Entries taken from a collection
====
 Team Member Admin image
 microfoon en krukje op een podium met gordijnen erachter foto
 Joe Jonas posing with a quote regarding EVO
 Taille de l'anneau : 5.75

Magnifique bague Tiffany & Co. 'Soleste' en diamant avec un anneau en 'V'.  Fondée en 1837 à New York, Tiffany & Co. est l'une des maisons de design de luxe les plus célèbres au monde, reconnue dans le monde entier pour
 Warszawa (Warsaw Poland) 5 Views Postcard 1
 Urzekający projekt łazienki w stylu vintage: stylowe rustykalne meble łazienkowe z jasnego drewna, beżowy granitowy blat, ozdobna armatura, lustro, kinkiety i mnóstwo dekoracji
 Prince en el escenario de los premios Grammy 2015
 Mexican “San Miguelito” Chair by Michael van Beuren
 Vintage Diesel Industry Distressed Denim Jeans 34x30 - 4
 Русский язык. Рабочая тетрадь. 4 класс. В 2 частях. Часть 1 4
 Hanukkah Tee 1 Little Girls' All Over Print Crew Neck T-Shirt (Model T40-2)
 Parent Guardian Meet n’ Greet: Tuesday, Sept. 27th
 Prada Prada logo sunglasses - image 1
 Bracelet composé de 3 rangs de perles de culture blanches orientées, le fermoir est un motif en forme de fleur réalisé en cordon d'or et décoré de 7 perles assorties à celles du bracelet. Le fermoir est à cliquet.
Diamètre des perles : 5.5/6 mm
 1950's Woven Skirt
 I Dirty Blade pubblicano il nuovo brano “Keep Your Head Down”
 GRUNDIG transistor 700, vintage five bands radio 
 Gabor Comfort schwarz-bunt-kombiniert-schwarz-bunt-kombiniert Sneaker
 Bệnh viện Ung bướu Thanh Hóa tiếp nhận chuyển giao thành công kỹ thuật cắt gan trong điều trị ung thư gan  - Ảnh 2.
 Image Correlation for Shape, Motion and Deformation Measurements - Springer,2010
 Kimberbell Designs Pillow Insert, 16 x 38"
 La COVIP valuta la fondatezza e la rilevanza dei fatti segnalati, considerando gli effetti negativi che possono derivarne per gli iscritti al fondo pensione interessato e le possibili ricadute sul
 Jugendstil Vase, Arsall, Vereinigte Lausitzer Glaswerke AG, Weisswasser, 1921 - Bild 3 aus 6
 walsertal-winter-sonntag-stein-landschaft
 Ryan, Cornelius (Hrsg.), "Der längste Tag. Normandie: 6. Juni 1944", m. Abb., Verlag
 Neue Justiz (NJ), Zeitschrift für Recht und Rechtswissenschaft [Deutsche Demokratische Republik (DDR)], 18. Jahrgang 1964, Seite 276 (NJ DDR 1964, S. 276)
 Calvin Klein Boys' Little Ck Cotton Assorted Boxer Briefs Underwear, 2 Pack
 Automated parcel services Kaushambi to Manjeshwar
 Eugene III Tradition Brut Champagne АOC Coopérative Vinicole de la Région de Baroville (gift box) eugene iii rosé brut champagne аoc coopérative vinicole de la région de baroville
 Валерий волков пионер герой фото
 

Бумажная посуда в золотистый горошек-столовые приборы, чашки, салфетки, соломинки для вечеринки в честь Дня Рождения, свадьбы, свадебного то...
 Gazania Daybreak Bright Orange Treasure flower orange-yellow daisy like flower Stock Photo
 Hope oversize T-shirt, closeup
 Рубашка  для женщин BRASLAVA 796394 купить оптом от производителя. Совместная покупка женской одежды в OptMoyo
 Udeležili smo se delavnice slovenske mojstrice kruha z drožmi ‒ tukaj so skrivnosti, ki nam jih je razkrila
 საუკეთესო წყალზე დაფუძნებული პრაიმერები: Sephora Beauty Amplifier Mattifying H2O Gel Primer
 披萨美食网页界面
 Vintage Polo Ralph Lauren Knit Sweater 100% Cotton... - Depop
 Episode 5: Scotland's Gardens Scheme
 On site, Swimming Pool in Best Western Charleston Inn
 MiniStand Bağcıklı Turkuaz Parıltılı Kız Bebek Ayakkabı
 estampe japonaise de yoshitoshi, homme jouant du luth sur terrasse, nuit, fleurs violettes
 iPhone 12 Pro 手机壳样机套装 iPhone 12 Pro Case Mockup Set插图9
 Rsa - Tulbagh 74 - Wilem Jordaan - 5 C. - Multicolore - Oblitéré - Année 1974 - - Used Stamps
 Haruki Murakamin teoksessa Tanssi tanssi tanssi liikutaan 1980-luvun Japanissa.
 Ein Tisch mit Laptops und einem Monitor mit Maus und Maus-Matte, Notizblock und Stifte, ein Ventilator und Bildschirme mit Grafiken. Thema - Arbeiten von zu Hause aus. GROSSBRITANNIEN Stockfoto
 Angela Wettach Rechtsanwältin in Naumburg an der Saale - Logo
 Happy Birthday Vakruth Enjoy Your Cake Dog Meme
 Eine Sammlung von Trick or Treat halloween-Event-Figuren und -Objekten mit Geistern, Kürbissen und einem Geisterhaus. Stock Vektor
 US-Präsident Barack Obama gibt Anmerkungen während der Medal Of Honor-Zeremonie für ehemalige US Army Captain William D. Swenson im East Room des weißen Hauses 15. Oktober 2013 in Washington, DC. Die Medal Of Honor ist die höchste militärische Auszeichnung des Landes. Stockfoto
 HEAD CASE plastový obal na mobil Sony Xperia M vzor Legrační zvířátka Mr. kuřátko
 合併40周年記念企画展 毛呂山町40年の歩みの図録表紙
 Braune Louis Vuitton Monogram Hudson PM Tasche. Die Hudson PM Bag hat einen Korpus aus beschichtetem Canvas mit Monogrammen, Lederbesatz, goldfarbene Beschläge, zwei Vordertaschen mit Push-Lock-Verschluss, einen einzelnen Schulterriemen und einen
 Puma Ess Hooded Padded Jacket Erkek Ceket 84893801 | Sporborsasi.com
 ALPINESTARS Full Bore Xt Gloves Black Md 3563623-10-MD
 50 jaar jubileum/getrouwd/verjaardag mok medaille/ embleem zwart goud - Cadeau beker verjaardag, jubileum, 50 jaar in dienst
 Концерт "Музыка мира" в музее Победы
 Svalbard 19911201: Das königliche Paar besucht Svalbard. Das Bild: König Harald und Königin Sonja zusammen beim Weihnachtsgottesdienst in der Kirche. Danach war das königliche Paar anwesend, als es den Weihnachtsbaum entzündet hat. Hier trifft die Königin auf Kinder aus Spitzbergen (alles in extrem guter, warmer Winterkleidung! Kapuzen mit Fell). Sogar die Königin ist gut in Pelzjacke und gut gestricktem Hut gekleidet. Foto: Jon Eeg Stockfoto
====
Your instructions – A word-for-word transcription of all the data is needed.

Exercise output –
 Team Member Admin image
 microfoon en krukje op een podium met gordijnen erachter foto
 Joe Jonas posing with a quote regarding EVO
 Taille de l'anneau : 5.75

Magnifique bague Tiffany & Co. 'Soleste' en diamant avec un anneau en 'V'.  Fondée en 1837 à New York, Tiffany & Co. est l'une des maisons de design de luxe les plus célèbres au monde, reconnue dans le monde entier pour
 Warszawa (Warsaw Poland) 5 Views Postcard 1
 Urzekający projekt łazienki w stylu vintage: stylowe rustykalne meble łazienkowe z jasnego drewna, beżowy granitowy blat, ozdobna armatura, lustro, kinkiety i mnóstwo dekoracji
 Prince en el escenario de los premios Grammy 2015
 Mexican “San Miguelito” Chair by Michael van Beuren
 Vintage Diesel Industry Distressed Denim Jeans 34x30 - 4
 Русский язык. Рабочая тетрадь. 4 класс. В 2 частях. Часть 1 4
 Hanukkah Tee 1 Little Girls' All Over Print Crew Neck T-Shirt (Model T40-2)
 Parent Guardian Meet n’ Greet: Tuesday, Sept. 27th
 Prada Prada logo sunglasses - image 1
 Bracelet composé de 3 rangs de perles de culture blanches orientées, le fermoir est un motif en forme de fleur réalisé en cordon d'or et décoré de 7 perles assorties à celles du bracelet. Le fermoir est à cliquet.
Diamètre des perles : 5.5/6 mm
 1950's Woven Skirt
 I Dirty Blade pubblicano il nuovo brano “Keep Your Head Down”
 GRUNDIG transistor 700, vintage five bands radio 
 Gabor Comfort schwarz-bunt-kombiniert-schwarz-bunt-kombiniert Sneaker
 Bệnh viện Ung bướu Thanh Hóa tiếp nhận chuyển giao thành công kỹ thuật cắt gan trong điều trị ung thư gan  - Ảnh 2.
 Image Correlation for Shape, Motion and Deformation Measurements - Springer,2010
 Kimberbell Designs Pillow Insert, 16 x 38"
 La COVIP valuta la fondatezza e la rilevanza dei fatti segnalati, considerando gli effetti negativi che possono derivarne per gli iscritti al fondo pensione interessato e le possibili ricadute sul
 Jugendstil Vase, Arsall, Vereinigte Lausitzer Glaswerke AG, Weisswasser, 1921 - Bild 3 aus 6
 walsertal-winter-sonntag-stein-landschaft
 Ryan, Cornelius (Hrsg.), "Der längste Tag. Normandie: 6. Juni 1944", m. Abb., Verlag
 Neue Justiz (NJ), Zeitschrift für Recht und Rechtswissenschaft [Deutsche Demokratische Republik (DDR)], 18. Jahrgang 1964, Seite 276 (NJ DDR 1964, S. 276)
 Calvin Klein Boys' Little Ck Cotton Assorted Boxer Briefs Underwear, 2 Pack
 Automated parcel services Kaushambi to Manjeshwar
 Eugene III Tradition Brut Champagne АOC Coopérative Vinicole de la Région de Baroville (gift box) eugene iii rosé brut champagne аoc coopérative vinicole de la région de baroville
 Валерий волков пионер герой фото
 

Бумажная посуда в золотистый горошек-столовые приборы, чашки, салфетки, соломинки для вечеринки в честь Дня Рождения, свадьбы, свадебного то...
 Gazania Daybreak Bright Orange Treasure flower orange-yellow daisy like flower Stock Photo
 Hope oversize T-shirt, closeup
 Рубашка  для женщин BRASLAVA 796394 купить оптом от производителя. Совместная покупка женской одежды в OptMoyo
 Udeležili smo se delavnice slovenske mojstrice kruha z drožmi ‒ tukaj so skrivnosti, ki nam jih je razkrila
 საუკეთესო წყალზე დაფუძნებული პრაიმერები: Sephora Beauty Amplifier Mattifying H2O Gel Primer
 披萨美食网页界面
 Vintage Polo Ralph Lauren Knit Sweater 100% Cotton... - Depop
 Episode 5: Scotland's Gardens Scheme
 On site, Swimming Pool in Best Western Charleston Inn
 MiniStand Bağcıklı Turkuaz Parıltılı Kız Bebek Ayakkabı
 estampe japonaise de yoshitoshi, homme jouant du luth sur terrasse, nuit, fleurs violettes
 iPhone 12 Pro 手机壳样机套装 iPhone 12 Pro Case Mockup Set插图9
 Rsa - Tulbagh 74 - Wilem Jordaan - 5 C. - Multicolore - Oblitéré - Année 1974 - - Used Stamps
 Haruki Murakamin teoksessa Tanssi tanssi tanssi liikutaan 1980-luvun Japanissa.
 Ein Tisch mit Laptops und einem Monitor mit Maus und Maus-Matte, Notizblock und Stifte, ein Ventilator und Bildschirme mit Grafiken. Thema - Arbeiten von zu Hause aus. GROSSBRITANNIEN Stockfoto
 Angela Wettach Rechtsanwältin in Naumburg an der Saale - Logo
 Happy Birthday Vakruth Enjoy Your Cake Dog Meme
 Eine Sammlung von Trick or Treat halloween-Event-Figuren und -Objekten mit Geistern, Kürbissen und einem Geisterhaus. Stock Vektor
 US-Präsident Barack Obama gibt Anmerkungen während der Medal Of Honor-Zeremonie für ehemalige US Army Captain William D. Swenson im East Room des weißen Hauses 15. Oktober 2013 in Washington, DC. Die Medal Of Honor ist die höchste militärische Auszeichnung des Landes. Stockfoto
 HEAD CASE plastový obal na mobil Sony Xperia M vzor Legrační zvířátka Mr. kuřátko
 合併40周年記念企画展 毛呂山町40年の歩みの図録表紙
 Braune Louis Vuitton Monogram Hudson PM Tasche. Die Hudson PM Bag hat einen Korpus aus beschichtetem Canvas mit Monogrammen, Lederbesatz, goldfarbene Beschläge, zwei Vordertaschen mit Push-Lock-Verschluss, einen einzelnen Schulterriemen und einen
 Puma Ess Hooded Padded Jacket Erkek Ceket 84893801 | Sporborsasi.com
 ALPINESTARS Full Bore Xt Gloves Black Md 3563623-10-MD
 50 jaar jubileum/getrouwd/verjaardag mok medaille/ embleem zwart goud - Cadeau beker verjaardag, jubileum, 50 jaar in dienst
 Концерт "Музыка мира" в музее Победы
 Svalbard 19911201: Das königliche Paar besucht Svalbard. Das Bild: König Harald und Königin Sonja zusammen beim Weihnachtsgottesdienst in der Kirche. Danach war das königliche Paar anwesend, als es den Weihnachtsbaum entzündet hat. Hier trifft die Königin auf Kinder aus Spitzbergen (alles in extrem guter, warmer Winterkleidung! Kapuzen mit Fell). Sogar die Königin ist gut in Pelzjacke und gut gestricktem Hut gekleidet. Foto: Jon Eeg Stockfoto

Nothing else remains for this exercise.